Broken headers. A file may remain operational after it’s been infected, but its header may contain errors that couldn't occur during the linking process. So errors of this kind arouse suspicion too.
An unusual format in some special sections. Executable files contain such special sections as .ctors, .dtors, nad .fini. They can be used to infect files. If any format changes in these sections are discovered, that’s also suspicious.
… and there are hundreds of other suspicious code properties.
The properties are many, and each property has a different degree of risk associated with it. Some may only indicate a threat when they occur together, but nonetheless they can be very helpful in exposing threats and deciding whether further analysis is required. Circumventing heuristic analysis is not an easy task (by that I mean preventing it from even issuing a warning).

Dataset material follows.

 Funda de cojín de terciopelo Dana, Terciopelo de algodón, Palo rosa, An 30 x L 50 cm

This can be achieved by employing platform-dependent solutions that utilise the features of specific compilers and frameworks (e.g., constructor or destructor overwrite), which get into heuristic databases rather quickly, or by using sophisticated infectors that are adroit at rearranging code across a file.
So, permutations don't prevent anti-viruses from detecting malware programs by their signatures, but they do raise the bar in terms of the requirements placed on the anti-virus developer team.

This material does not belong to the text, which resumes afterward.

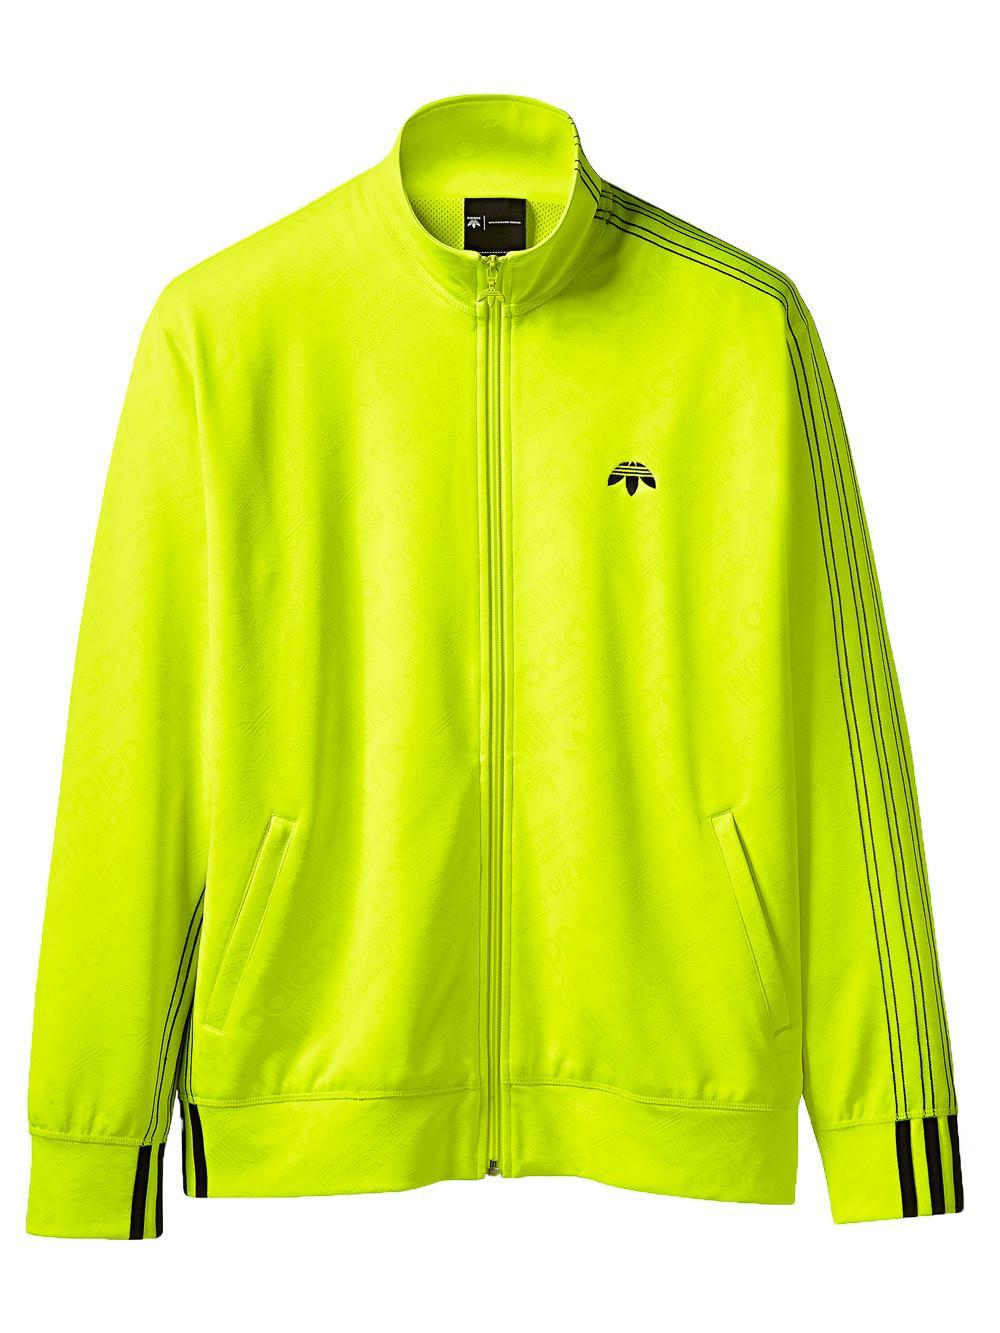 AW Jacquard Track Jacket

What else do attackers have in their arsenal?
Garbage insertion. We already mentioned the NOP instruction. Attackers can also make sure that redundant instructions are inserted into an infected file to conceal the actual malicious code. This may also sound easy, but it isn't, because the code must remain operational despite multiple useless commands being added to it.

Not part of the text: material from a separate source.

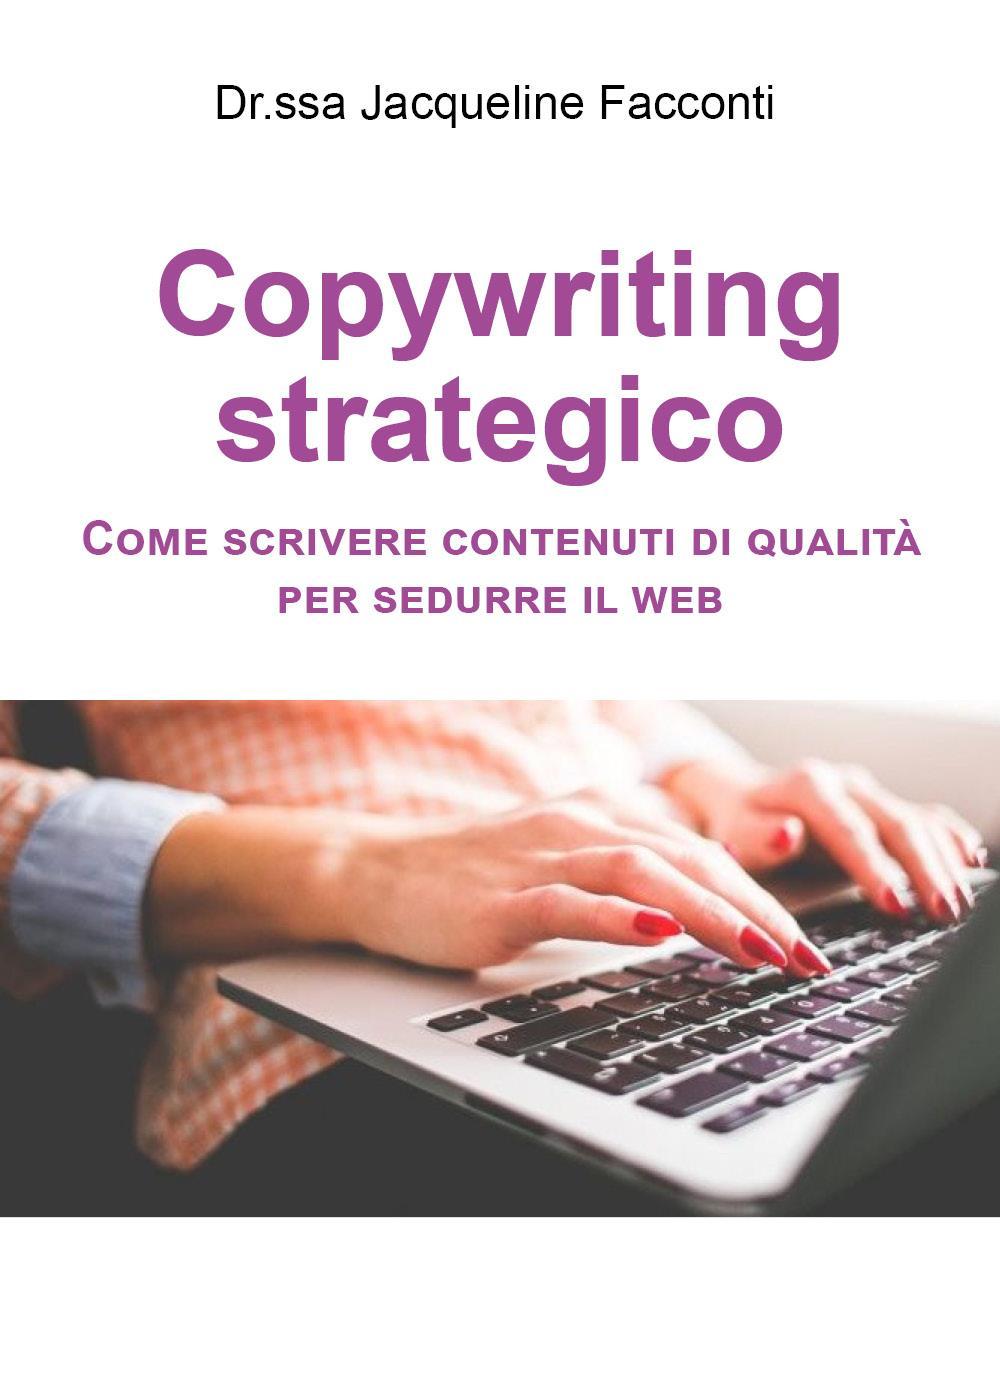 Copywriting strategico: come scrivere contenuti di qualità per sedurre il web

To counter this, the polymorphic analyser becomes even more complex—it doesn't only put pieces of code together but also cleans it of useless fragments (if we run the routine to examine Windows code, how much of it will be left?). In this case an analysis error can have dire consequences.
Metamorphic malware. Unlike permutations, where blocks of code are merely rearranged, metamorphic malware code really changes. In theory, malware of this sort can't be detected because generating signatures for malicious code of this kind makes no sense.
But as many of our readers know, almost all programs are written in a certain programming language and subsequently are compiled into executable code. And the compiler can be set to generate different code for the same program by enabling such options as performance and size optimisation and so on. The metamorphic engine operates in a similar fashion. Whenever it’s launched, it will use basic code to generate new code.
Malicious code can be obfuscated even further by changing constants, registers, etc. Let's illustrate our point by drawing an analogy with mathematics: For example, 6 can be obtained as a result of 2+4, 3+3, and 8-2… Which operation can be regarded as typical?
To respond to the challenge, code analysis is not enough. So the analyser becomes an emulator. This means that a program is executed within an anti-virus engine, which no longer looks for signature matches but rather monitors the actions of the program being "launched".
The arms race between malware makers and anti-virus developers made polymorphic malware a rarity. Making a program of this kind is so difficult and expensive that:
If you can write a good metamorphic engine that will occupy security researchers for at least several days or design an emulator that will determine what signatures an anti-virus will detect or come up with a high-quality crackme, just message me. I’m no recruiter, but if there are a lot of you folks out there, I will switch professions and start introducing you to information security companies. Rest assured that your income and stability in life will far outweigh any possible benefits you may get out of distributing malware or cracking legitimate applications.
A modern anti-virus is a very complex piece of software that has evolved through neutralising generations of malicious programs. Today, only a few companies have the capacity to create a real anti-virus.